The Seaside Golden Yarrow (Eriophyllum cstaechadifolium) isn’t actually a member of the Yarrow (Achillea) genus. It gets its name because it looks very similar to Yarrow, with small flowers tightly packed in heads atop longish stalks. It’s also known as Seaside Wooly Sunflower. Where common Yarrow is native to the broad Northern Hemisphere, Golden Yarrow is at home specifically in California. It’s very attractive to pollinators, especially butterflies. Chavez Park Conservancy volunteers planted it in the Native Plant Area in November 2021. We also planted the regular Yarrow.
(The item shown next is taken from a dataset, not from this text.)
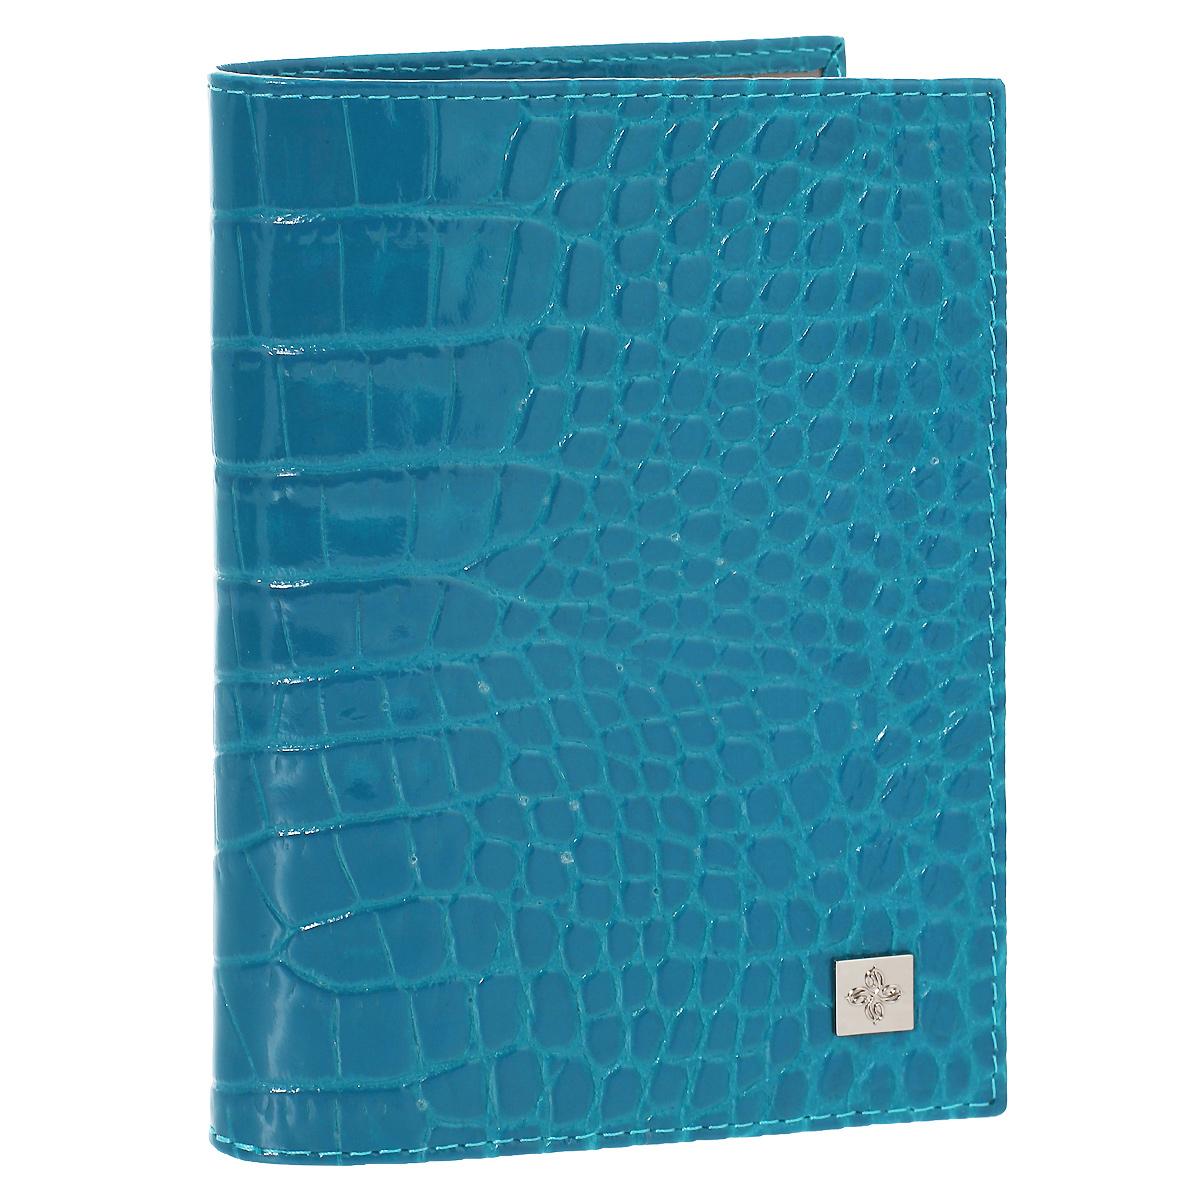 Обложка для паспорта Dimanche Электрик, цвет: лазурь. 950O.21.-1.cognacОбложка для паспорта Электрик выполнена из натуральной лаковой кожи с декоративным тиснением под крокодила. На внутреннем развороте - два кармашка из прозрачного пластика. Обложка не только поможет сохранить внешний вид ваших документов и защитит их от повреждений, но и станет стильным аксессуаром, который подчеркнет ваш неповторимый стиль.Обложка упакована в коробку из плотного картона с логотипом фирмы. Характеристики:Материал: натуральная кожа, ПВХ. Цвет: лазурь. Размер обложки: 9,5 см х 13,5 см х 1,5 см.

Our neighbor organization, Friends of Five Creeks, has put out another issue of its outstanding newsletter. Written by Susan Schwartz, the group’s president, the 8-page broadcast covers creekside weedings, a detailed lesson on pollinator flies, and a survey of regional, statewide, and a bit of national news affecting land and water. Download a PDF version of it here, or go to the organization’s website for more. This is the best habitat conservation newsletter in the region.
Squirrel of the Week
Munching on fuzzy plants can be so messy. The fuzz sticks to your hands and your chin.
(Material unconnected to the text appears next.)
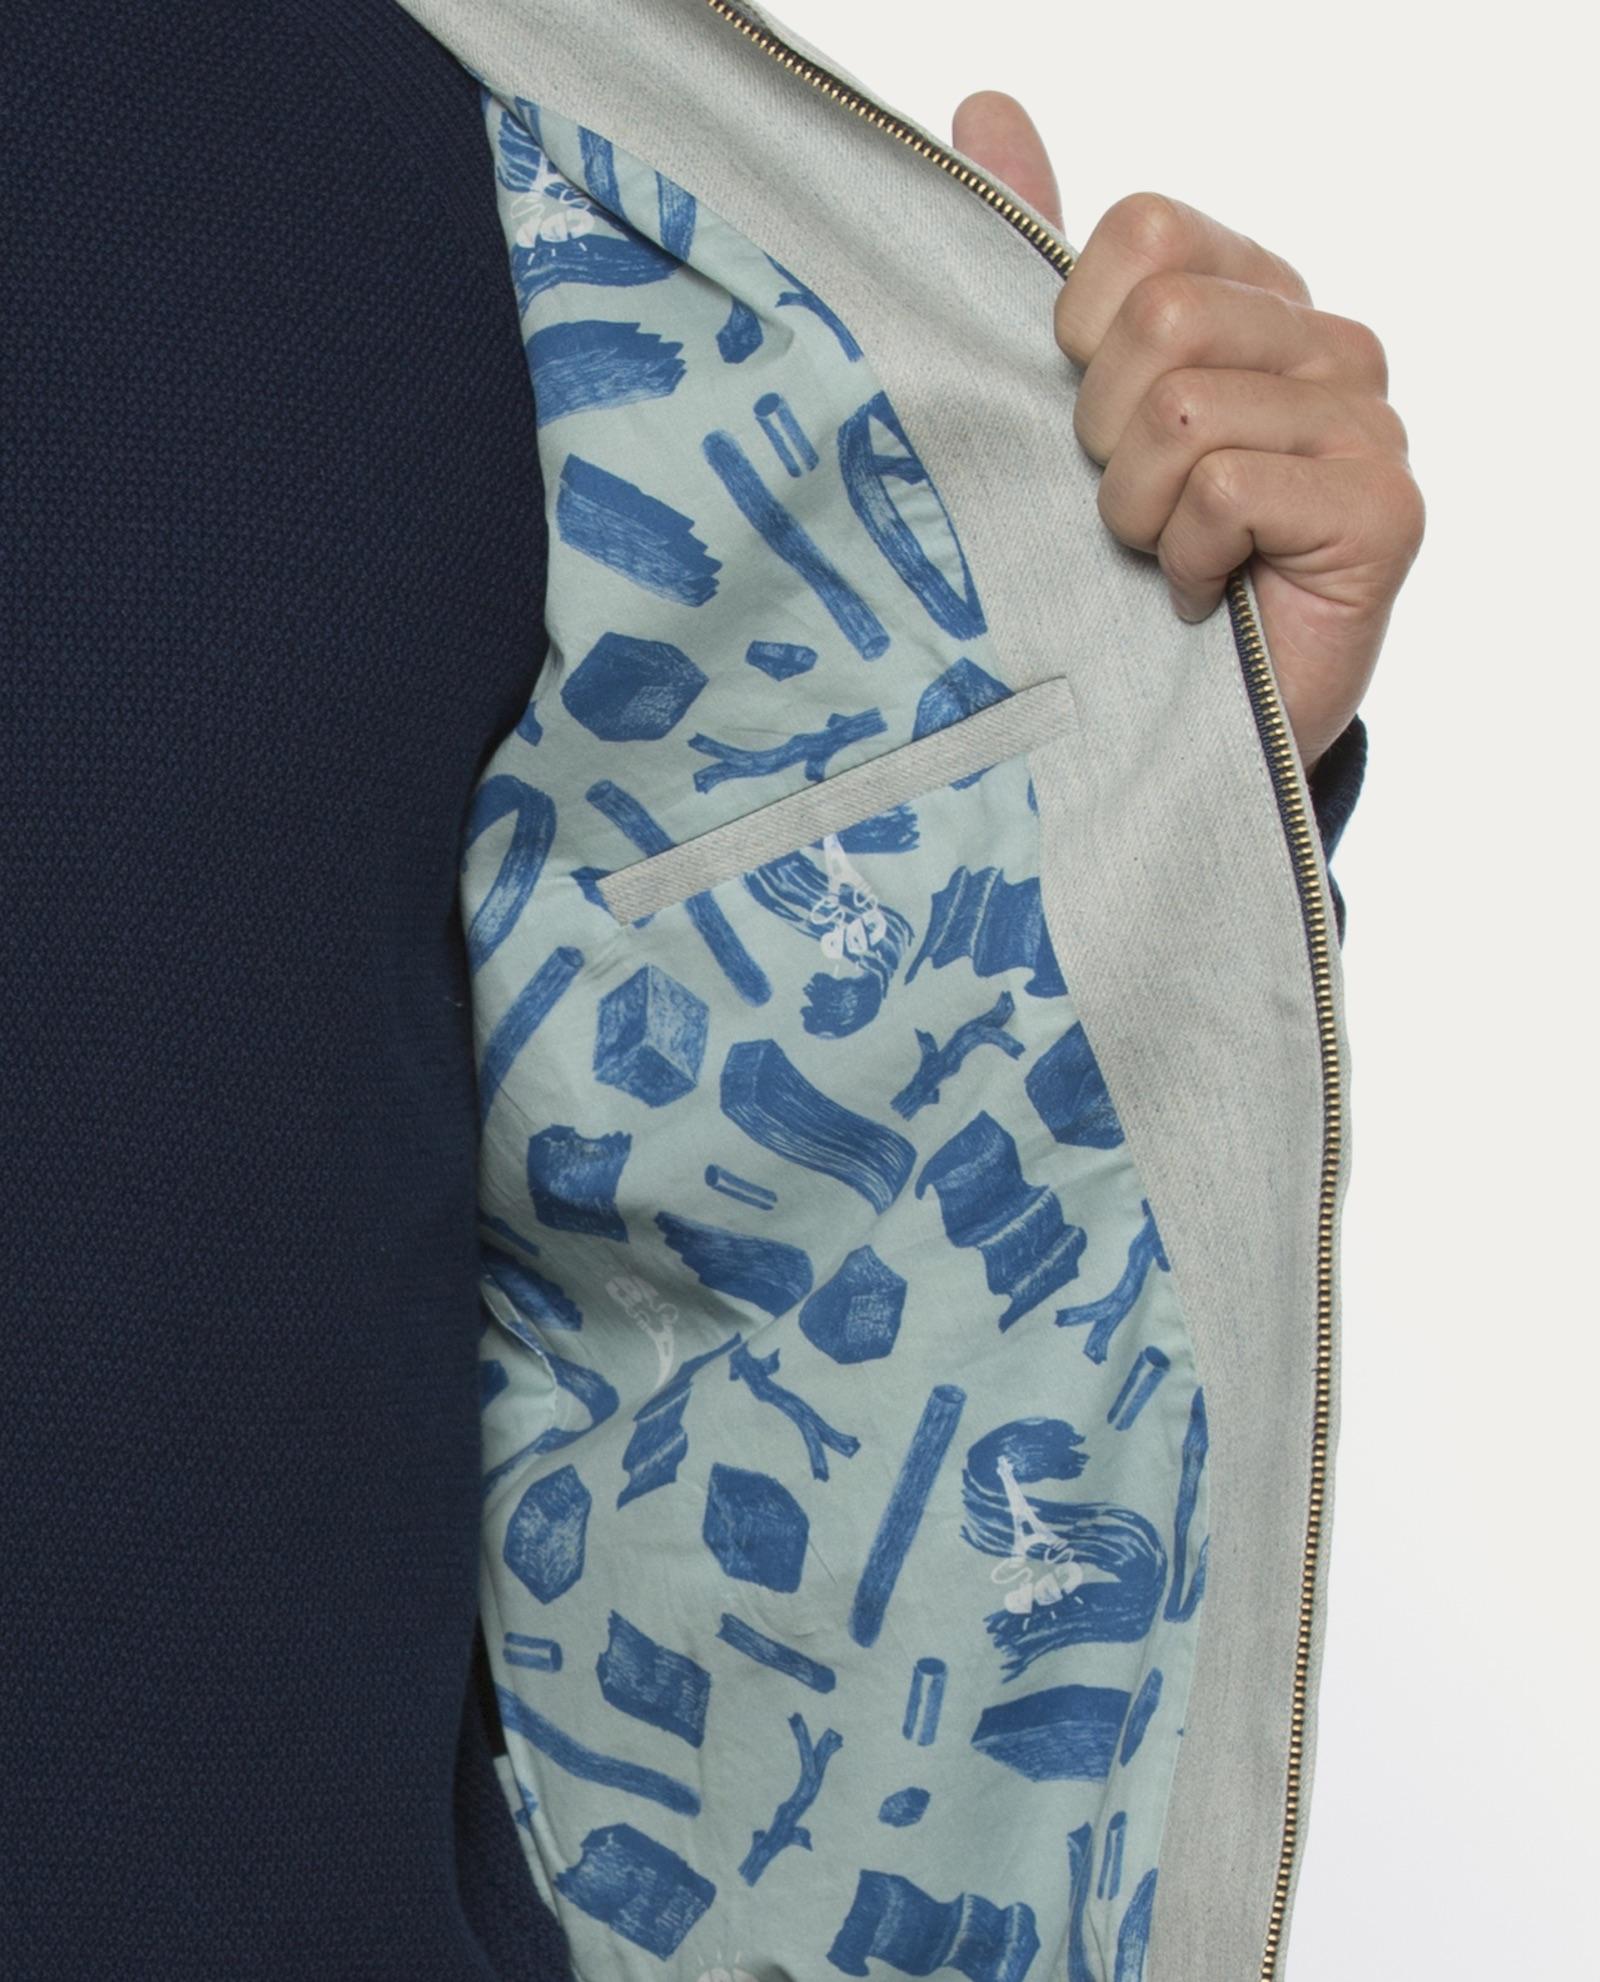 commune_de_paris_1871_jacket_anatole_light_blue_3

This California Ground Squirrel (Otospermophilus beecheyi) is exhausted from its meal and too bushed to tidy up right now. I’ll do that later!
A park visitor the other day referred to them as “squirrel rats.” Earlier, another park visitor called them “water rats.” Oh, the calumny! Both rats and squirrels are rodents, but so are beavers, porcupines, guinea pigs, and hamsters. Note the obvious difference: the tail. Rats have naked tails. Squirrel tails are bushy. And think about timing. How often do you see wild rats out in broad daylight? Not much; they’re nocturnal. Squirrels are diurnal, like most humans. So quit the rat-shaming already, people!
Rats are said to be very intelligent, but that hasn’t kept them from being imprisoned and used by the many thousands in lab experiments. Squirrels have mostly avoided that. Who’s the smarter one?